I have a Red Photored Green tri-cree lined up for my vader saber and I was just flicking through the guide to the CF8 and noticed that the colour pads 2 through 4 don't have high amperage drive capabilities (or do they?) and only the current regulated 1st channel is able to drive high power LEDs.

First, IS THIS TRUE?

Second, How am I going to wire the R Rp with +G Flash on Clash?

I guess to you hardened guys this seems like some noob question, but I was under the impression the first 3 colour pads were capable of 1A direct drive off the board (pretty sure Msr. Petkau did a tutorial on the CF7 wiring, but I might be mistaken...)

anyway, thanks if you can help me :>

Forgetful Jedi Knight
07-25-2016, 08:53 AM
Only the first channel is current regulated. The others have "high amperage drive capabilities". You need to RE-read the manual a few more times to find out how it's handled. It's all explained in the manual.

Manadono
07-26-2016, 06:20 AM
okay, I found the video that had the original soldering guide for what I thought was good (it was Msr. Plecter in fact!) and I can see I have forgotten a good few details between watching it and trying to use its info to inform parts purchasing for the vader.

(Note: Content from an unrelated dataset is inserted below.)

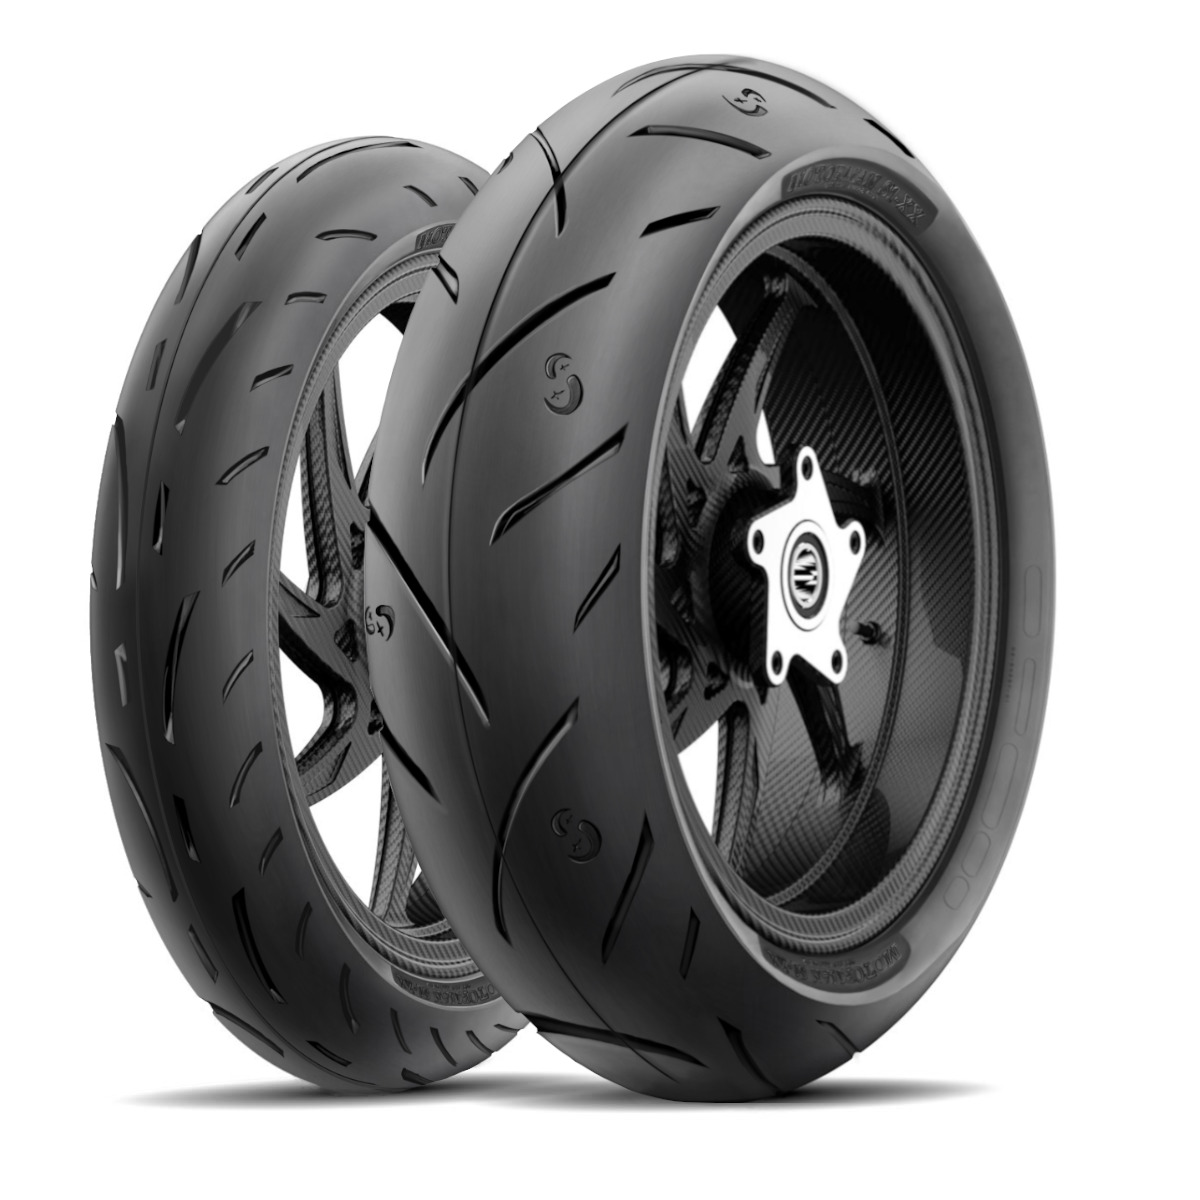 190/50-17 + 120/70-17 MMT® Motorcycle Tire SET 190/50ZR17 + 120/70-17 (2 TIRES)

The video shows rudimentary colour mixing on a tri-cree using the single cell hack and access to the two power extenders. Although watching the video, and trying to find it and hence watching more videos, has made me wonder; can I wire the Red and Photo Red in parallel over the current controlled channel and then have the Green run off the on board PeX? I have a double cell though, would I need a chock off power resistor on the PeX connection? Assuming the amperage over each red LED is 700mA, the total amperage won't go over the board's max 1.5A (although it cuts it mighty close).

I'm not sure Erv has calculated for the genius-idiot wiring schemes in his manual, I will go and read it again right now, but in the meantime what do you think to this?

[There's stuff in the way to the manual, reading later]

[Erv seems to think it's a bad plan: http://i.imgur.com/e8EZ0gIl.png (http://imgur.com/e8EZ0gI)]

xl97
07-26-2016, 12:14 PM
okay, I found the video that had the original soldering guide for what I thought was good (it was Msr. Plecter in fact!) and I can see I have forgotten a good few details between watching it and trying to use its info to inform parts purchasing for the vader.

The video shows rudimentary colour mixing on a tri-cree using the single cell hack and access to the two power extenders. Although watching the video, and trying to find it and hence watching more videos, has made me wonder; can I wire the Red and Photo Red in parallel over the current controlled channel and then have the Green run off the on board PeX? I have a double cell though, would I need a chock off power resistor on the PeX connection? Assuming the amperage over each red LED is 700mA, the total amperage won't go over the board's max 1.5A (although it cuts it mighty close).

I'm not sure Erv has calculated for the genius-idiot wiring schemes in his manual, I will go and read it again right now, but in the meantime what do you think to this?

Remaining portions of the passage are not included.